• **Problem**:
Restate word for word the lines below that run from the one holding "Red Plastic Octagon" through the one holding "Green Leaves Corner - Canvas print - Bedroom", inclusive. Pictures don't belong in the copy.

• **Data to process**:
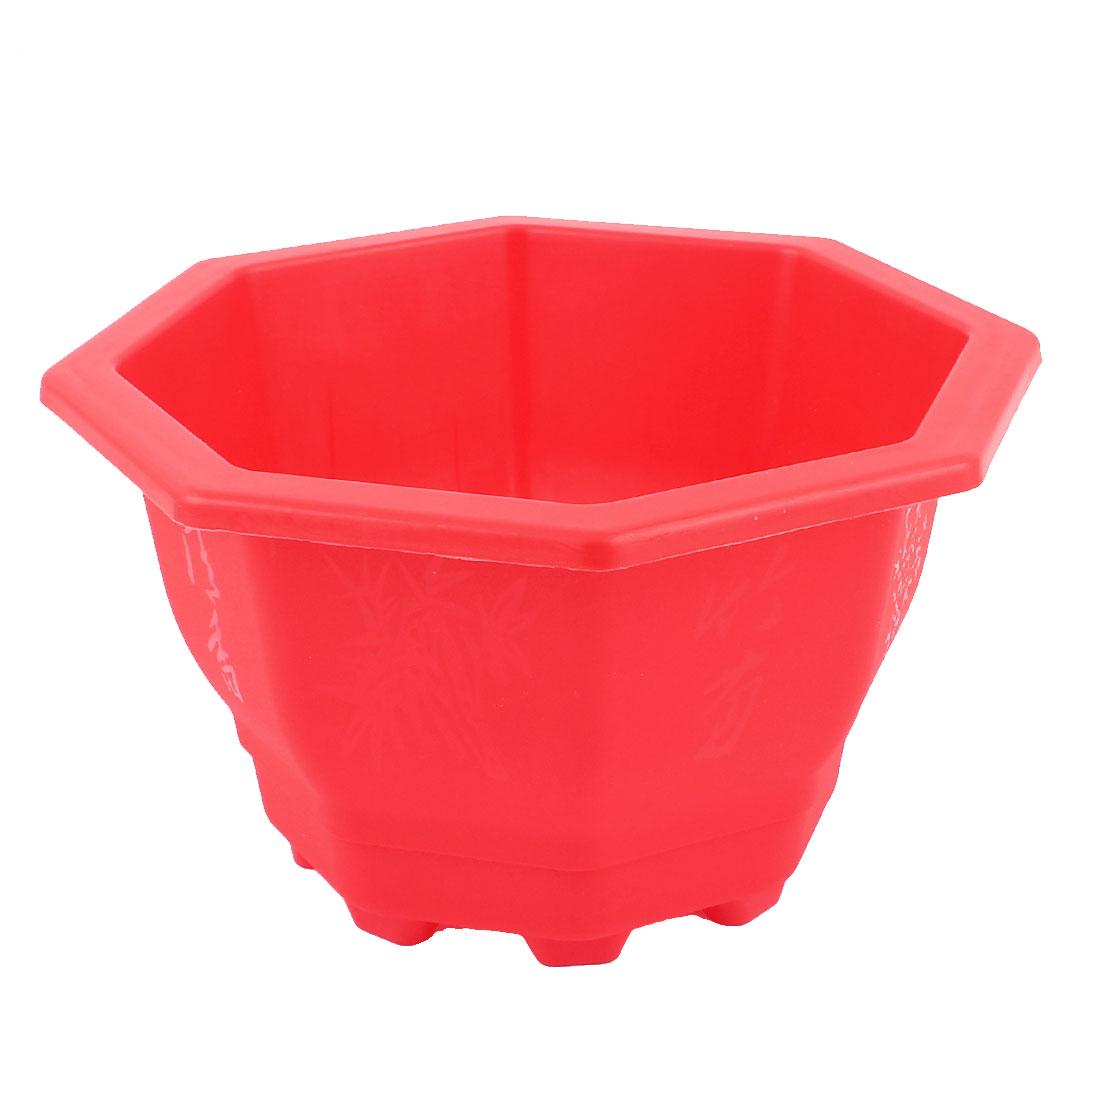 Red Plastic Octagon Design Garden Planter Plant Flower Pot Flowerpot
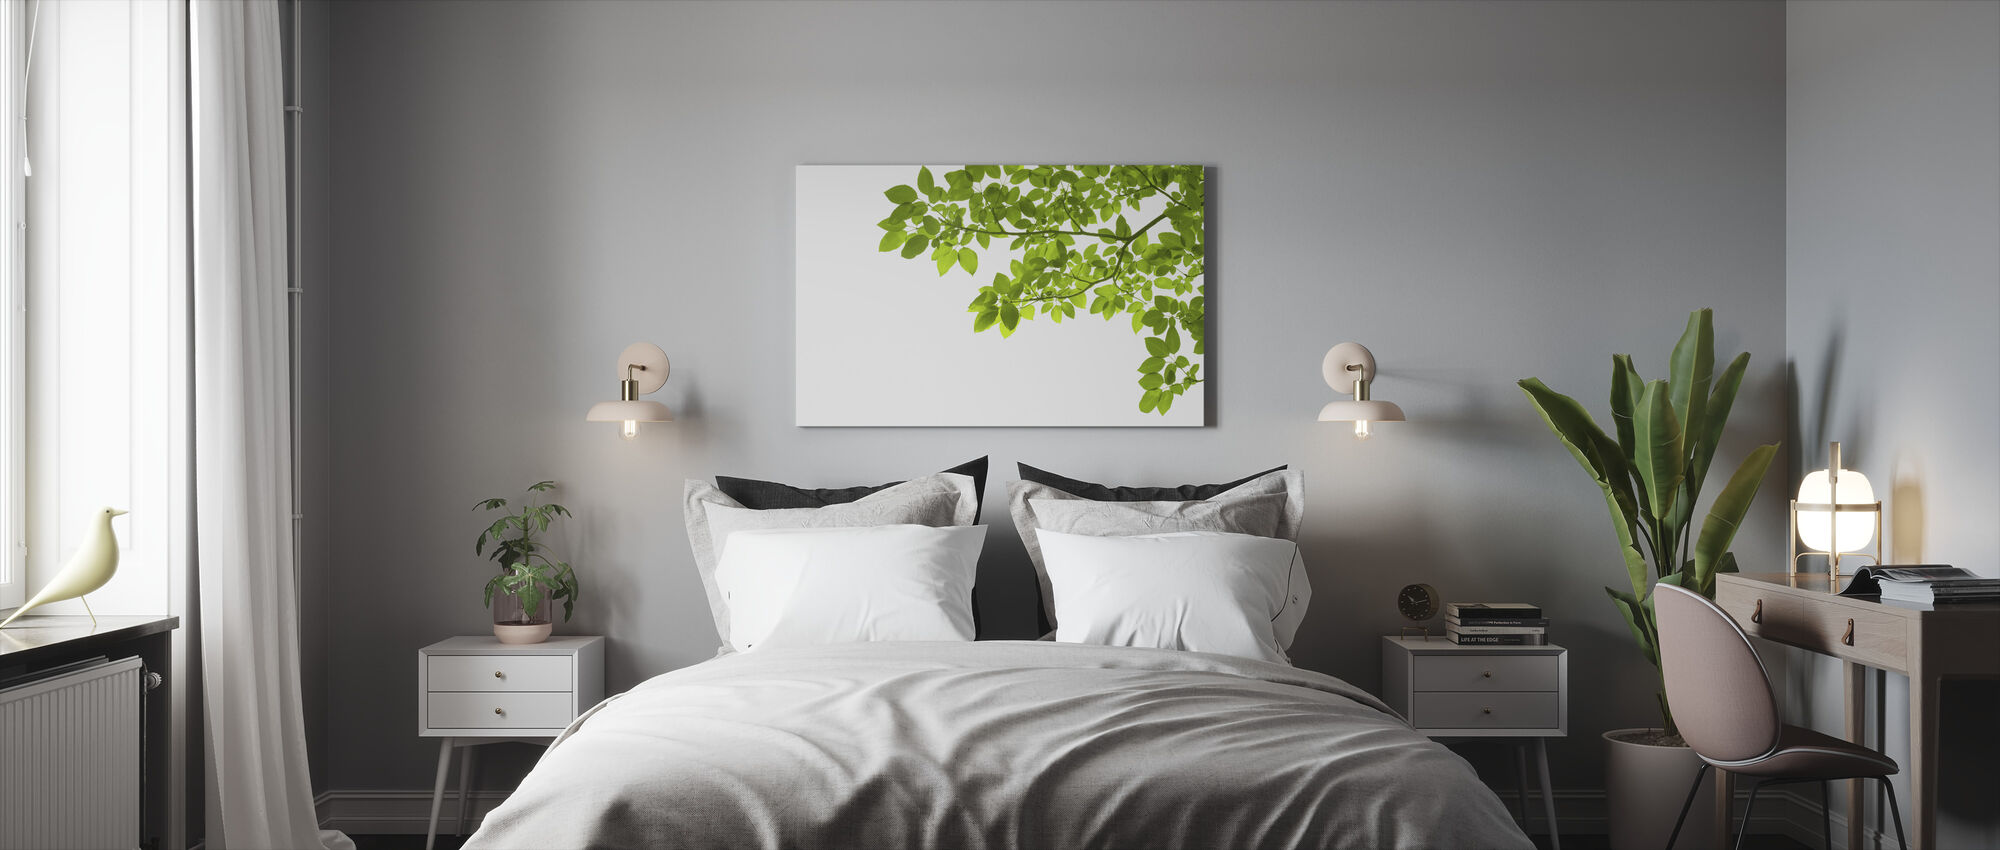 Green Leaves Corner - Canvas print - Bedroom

...

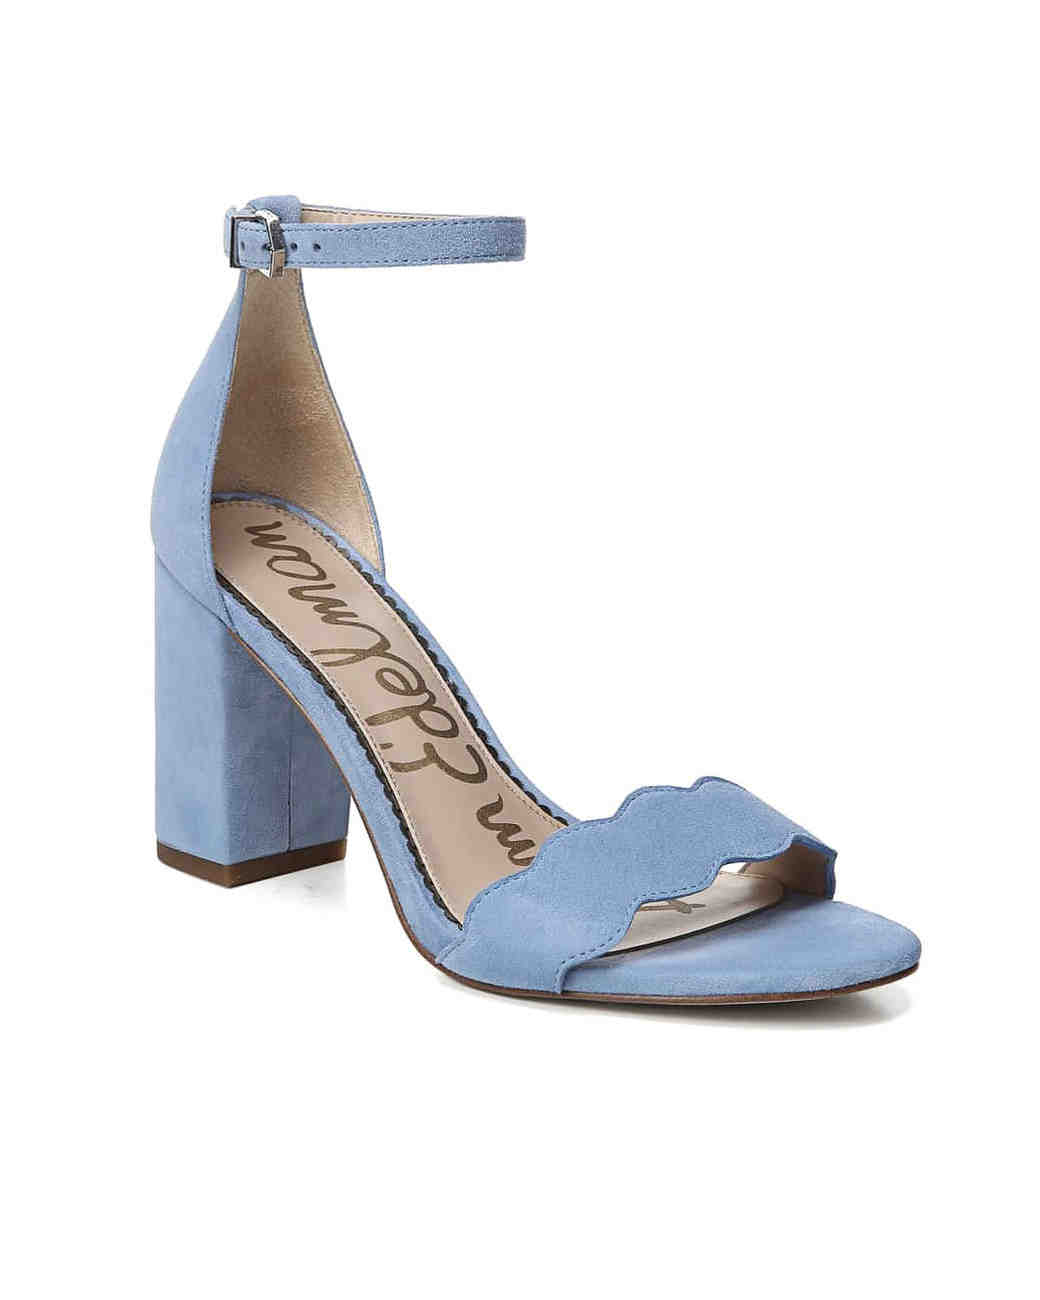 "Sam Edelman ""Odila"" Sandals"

• **Reply to the exercise**:
 Red Plastic Octagon Design Garden Planter Plant Flower Pot Flowerpot
 Green Leaves Corner - Canvas print - Bedroom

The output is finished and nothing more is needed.